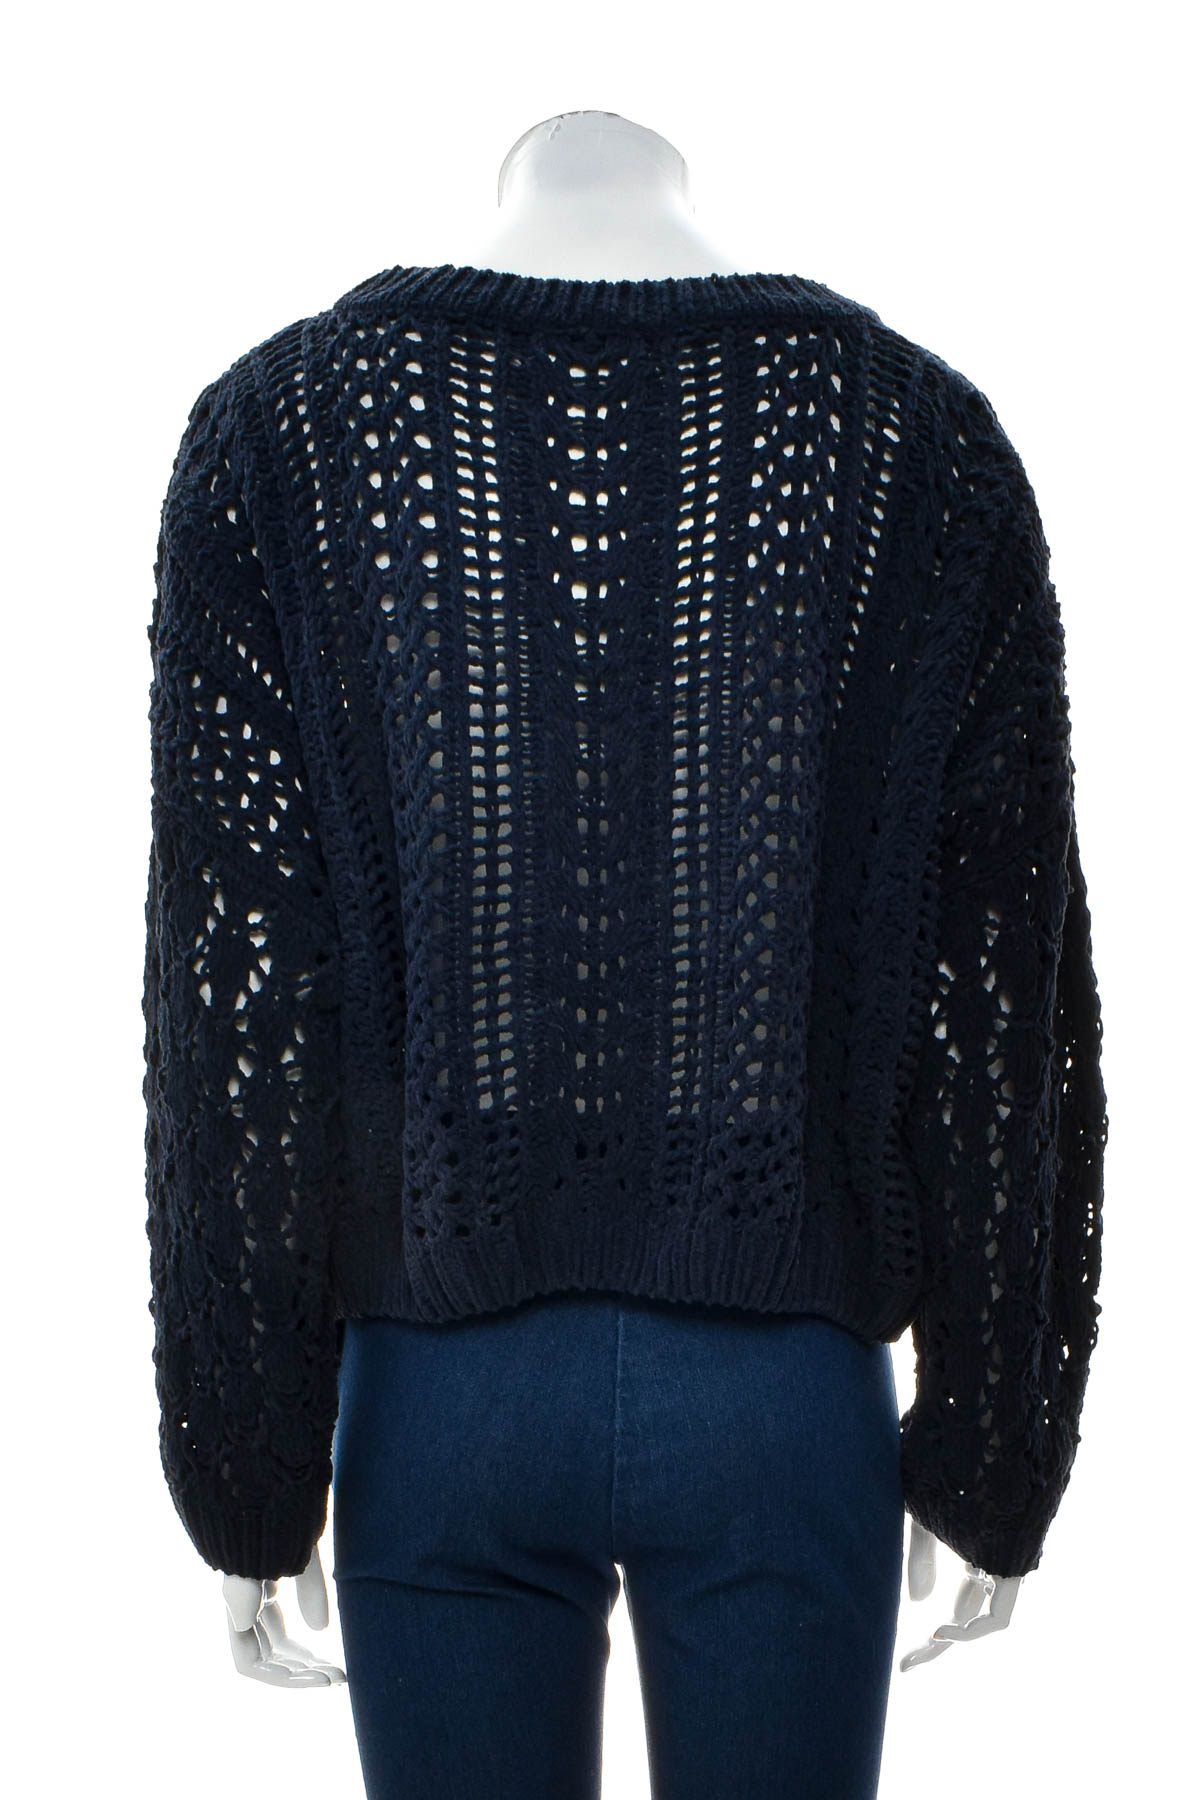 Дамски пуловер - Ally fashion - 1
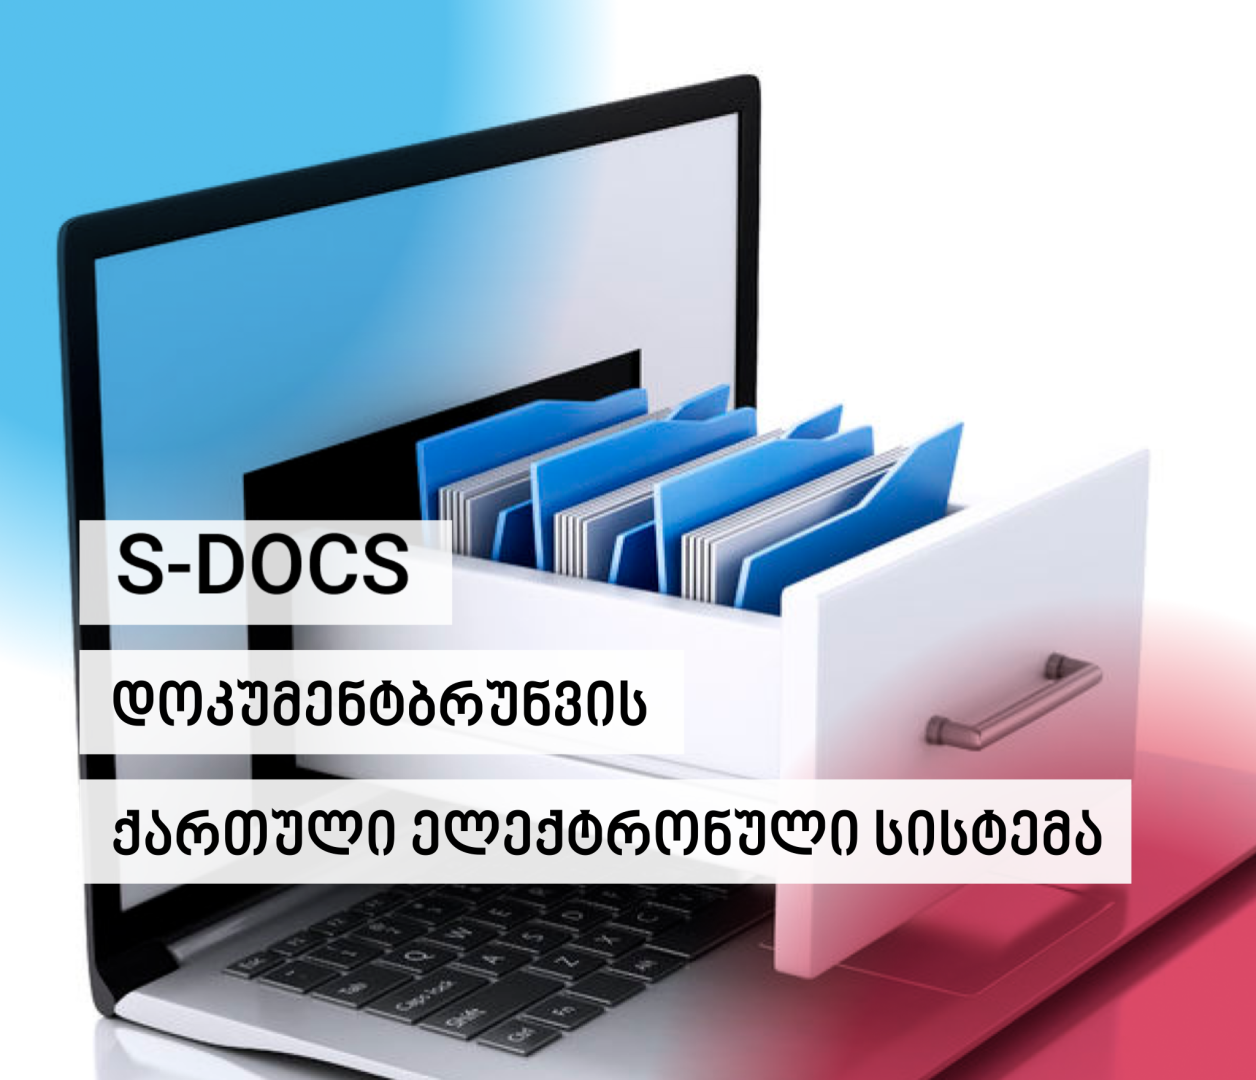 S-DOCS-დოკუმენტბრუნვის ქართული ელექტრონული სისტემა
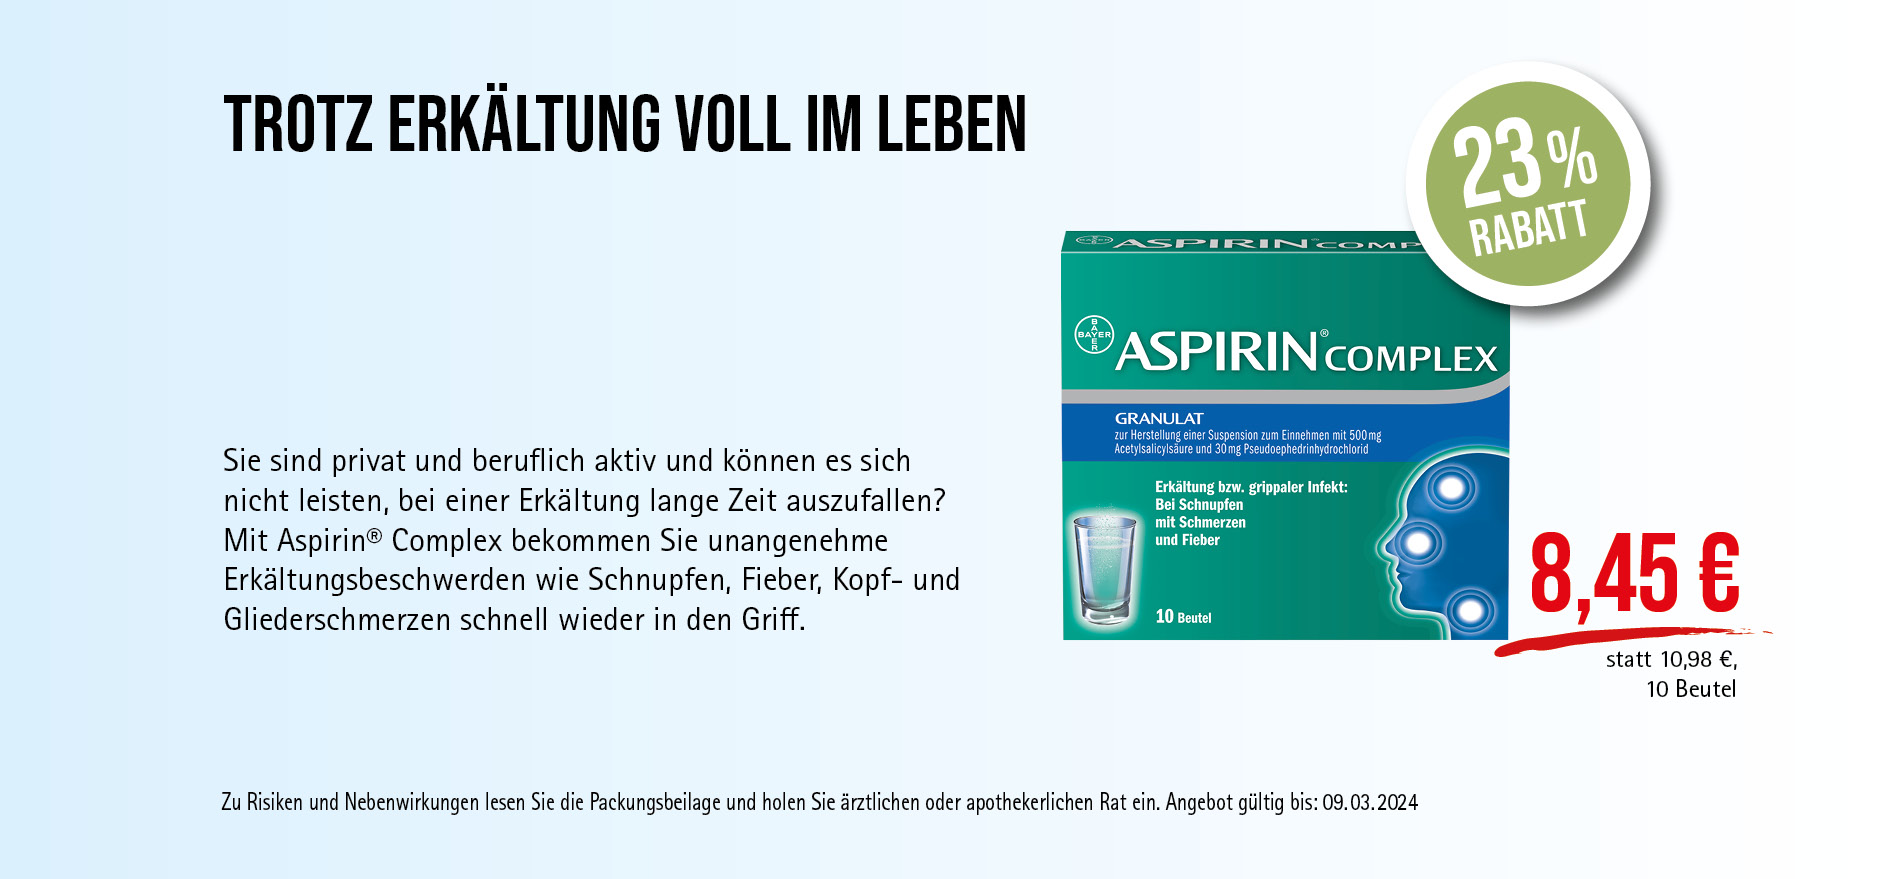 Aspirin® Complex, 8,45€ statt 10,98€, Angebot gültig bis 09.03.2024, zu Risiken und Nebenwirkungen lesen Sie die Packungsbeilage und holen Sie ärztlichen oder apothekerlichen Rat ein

_ _ _ _ _

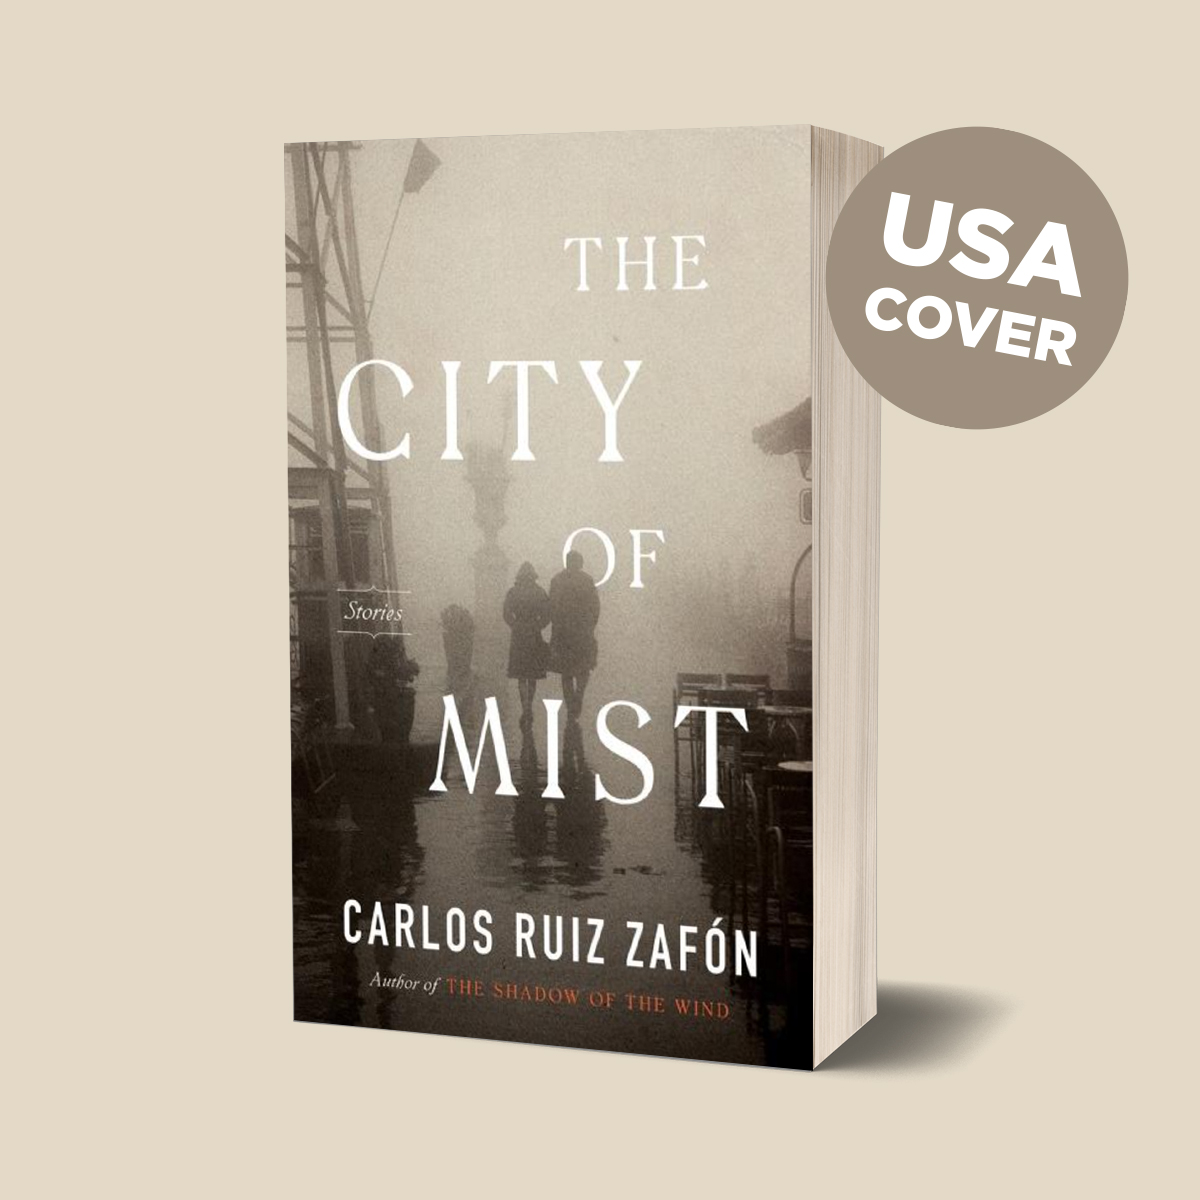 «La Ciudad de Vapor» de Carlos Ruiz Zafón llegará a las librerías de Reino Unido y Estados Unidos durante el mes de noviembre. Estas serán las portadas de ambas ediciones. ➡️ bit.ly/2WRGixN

_ _ _ _ _

Everything from the line with "Дамски пуловер - Ally fashion - 1" through the line with "Aspirin® Complex, 8,45€" in the material above should be transcribed exactly, except the pictures.

 Дамски пуловер - Ally fashion - 1
 S-DOCS-დოკუმენტბრუნვის ქართული ელექტრონული სისტემა
 Aspirin® Complex, 8,45€ statt 10,98€, Angebot gültig bis 09.03.2024, zu Risiken und Nebenwirkungen lesen Sie die Packungsbeilage und holen Sie ärztlichen oder apothekerlichen Rat ein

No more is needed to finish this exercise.